Nothing but the text should be carried over: reproduce all the data exactly and leave out every image.

* COLLECTED MATERIAL *

= = = = = = =

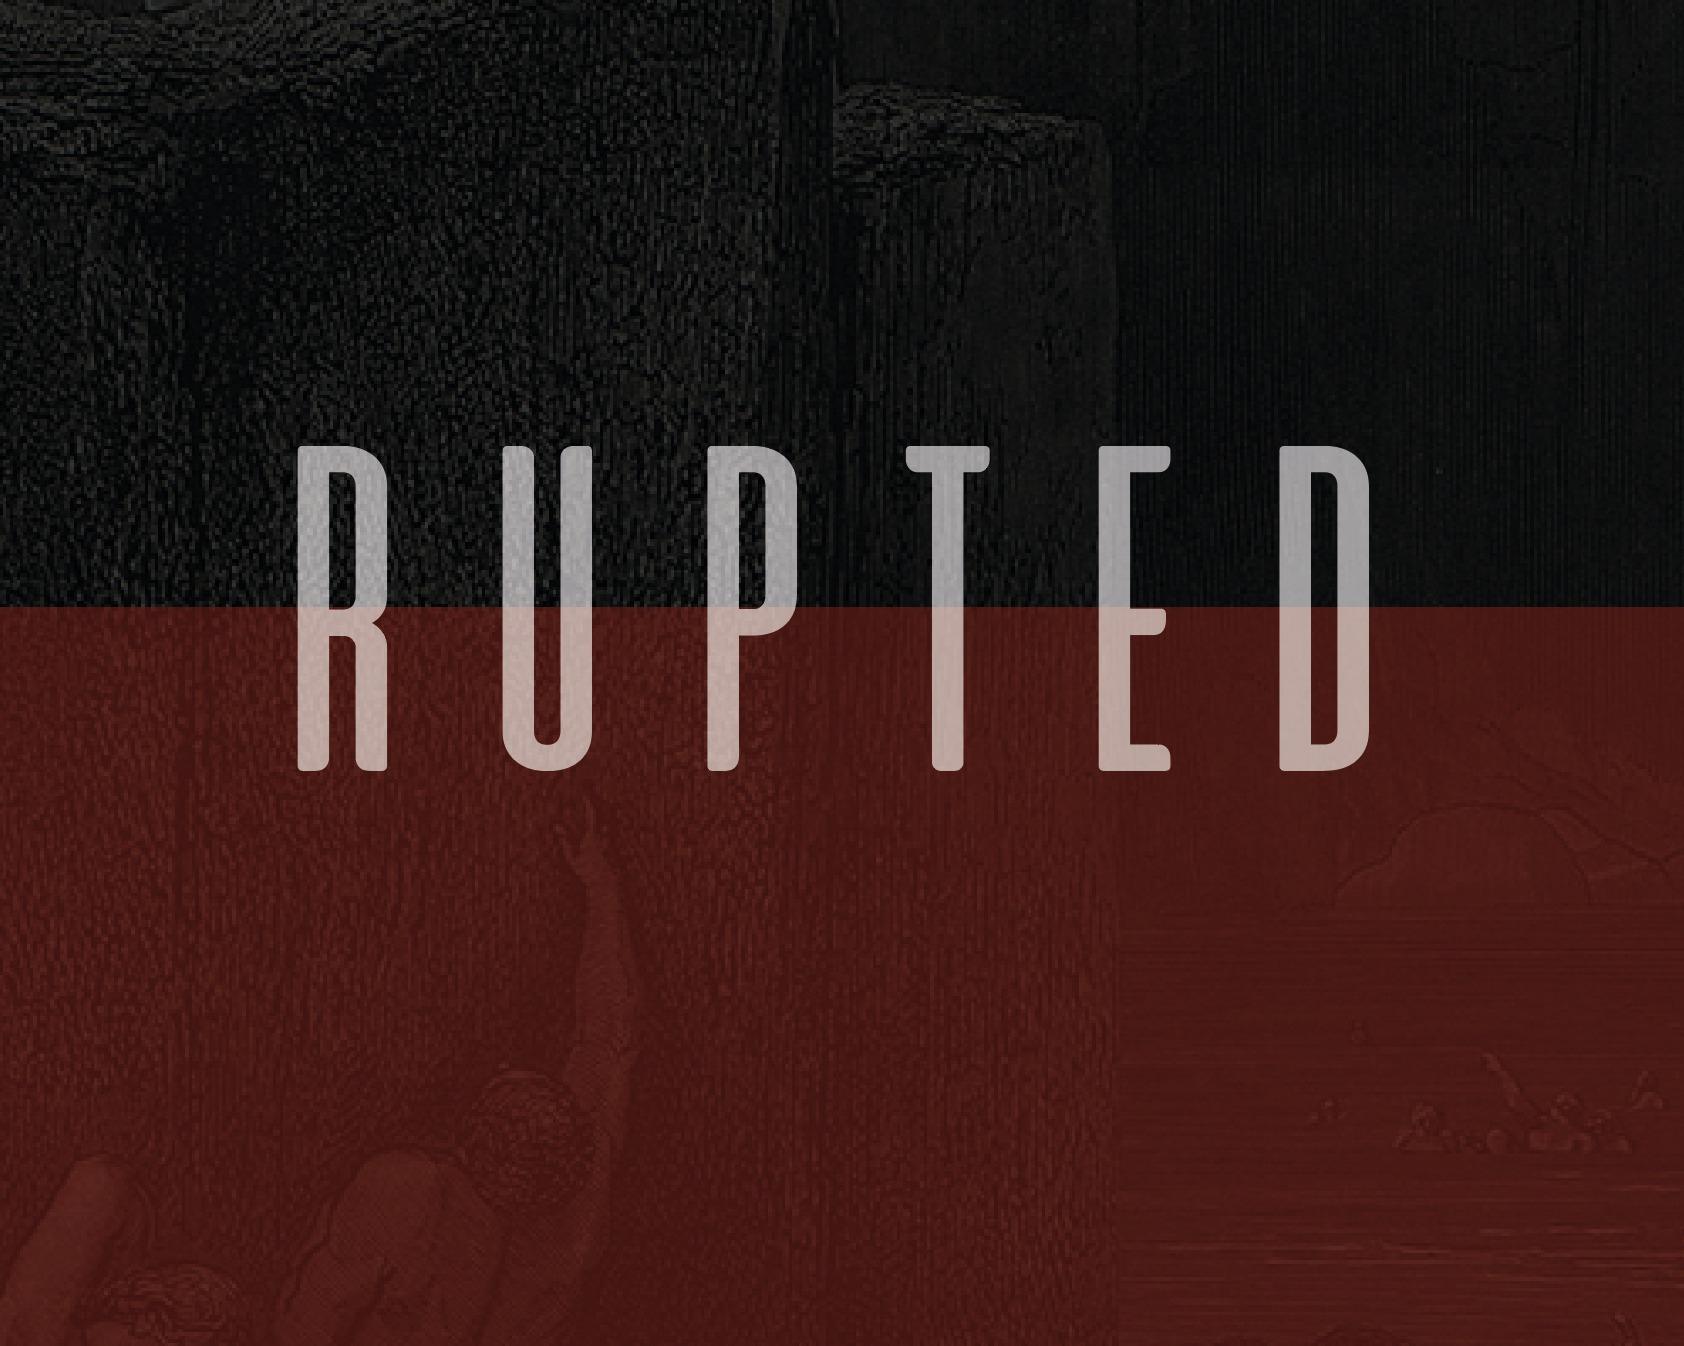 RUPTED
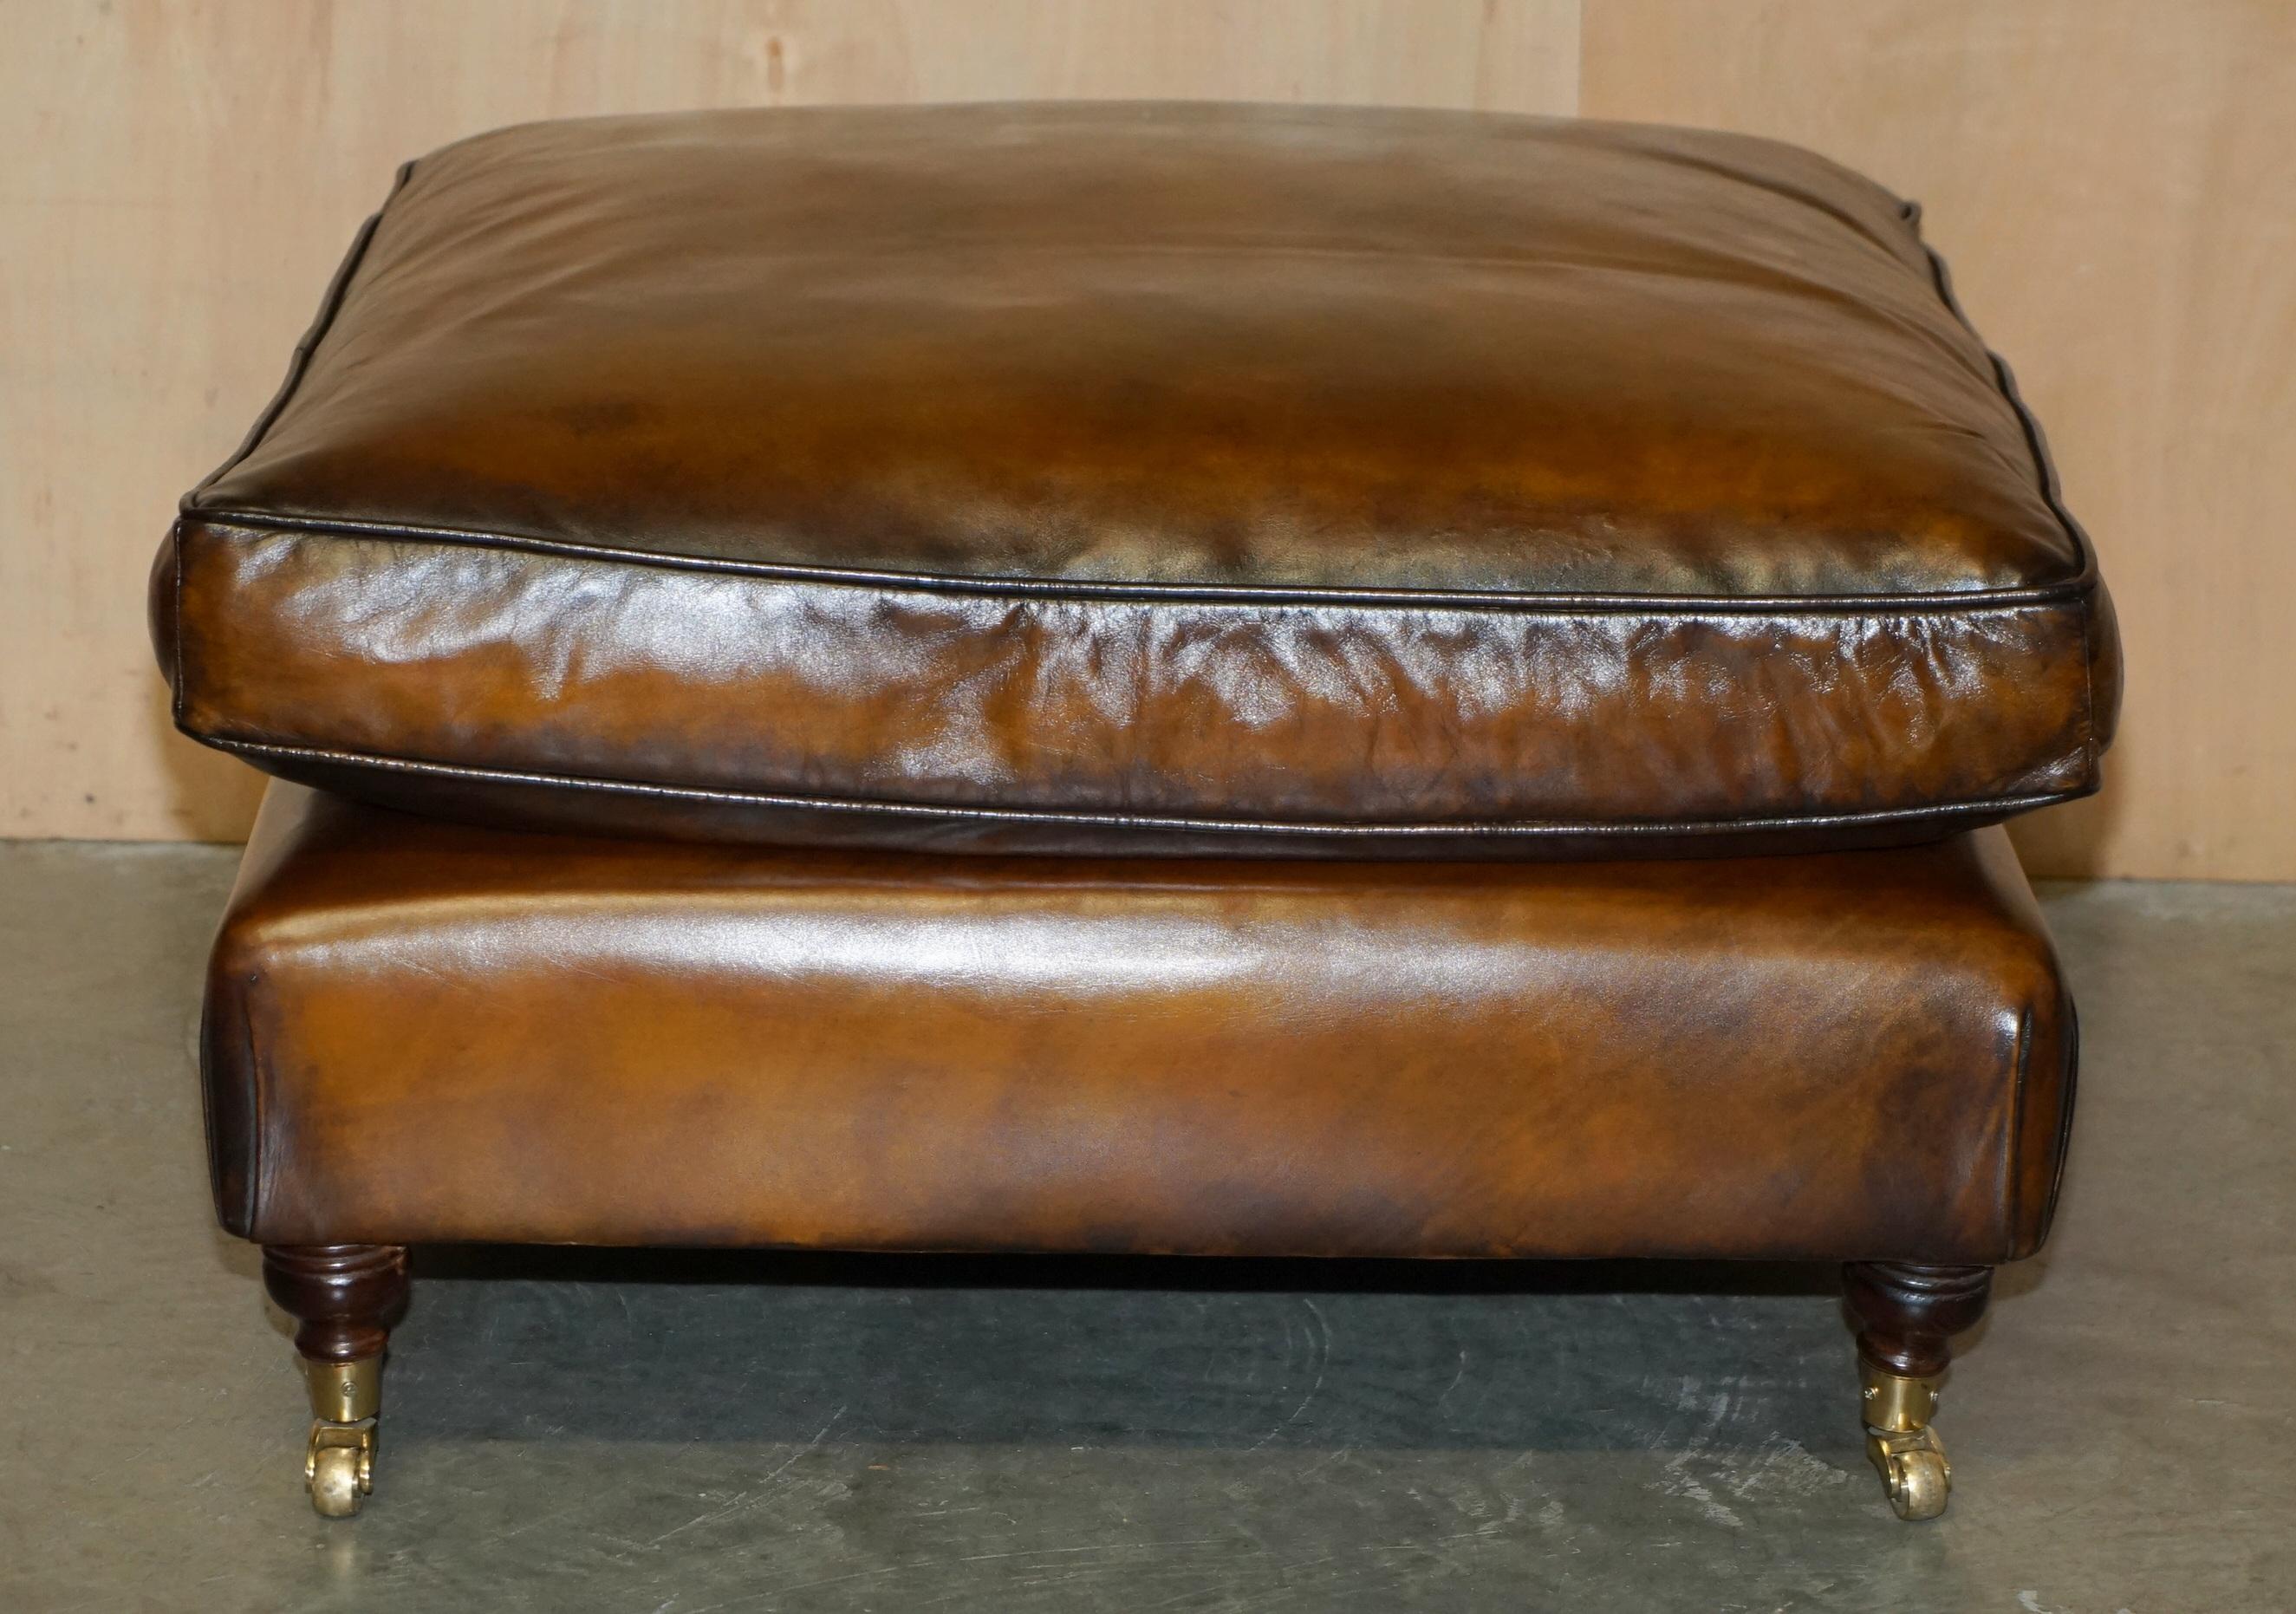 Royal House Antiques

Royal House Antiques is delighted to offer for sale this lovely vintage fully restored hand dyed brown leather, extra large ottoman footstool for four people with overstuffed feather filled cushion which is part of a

= = = = = = =

* TASK RESULT *
 RUPTED
 Royal House Antiques

Royal House Antiques is delighted to offer for sale this lovely vintage fully restored hand dyed brown leather, extra large ottoman footstool for four people with overstuffed feather filled cushion which is part of a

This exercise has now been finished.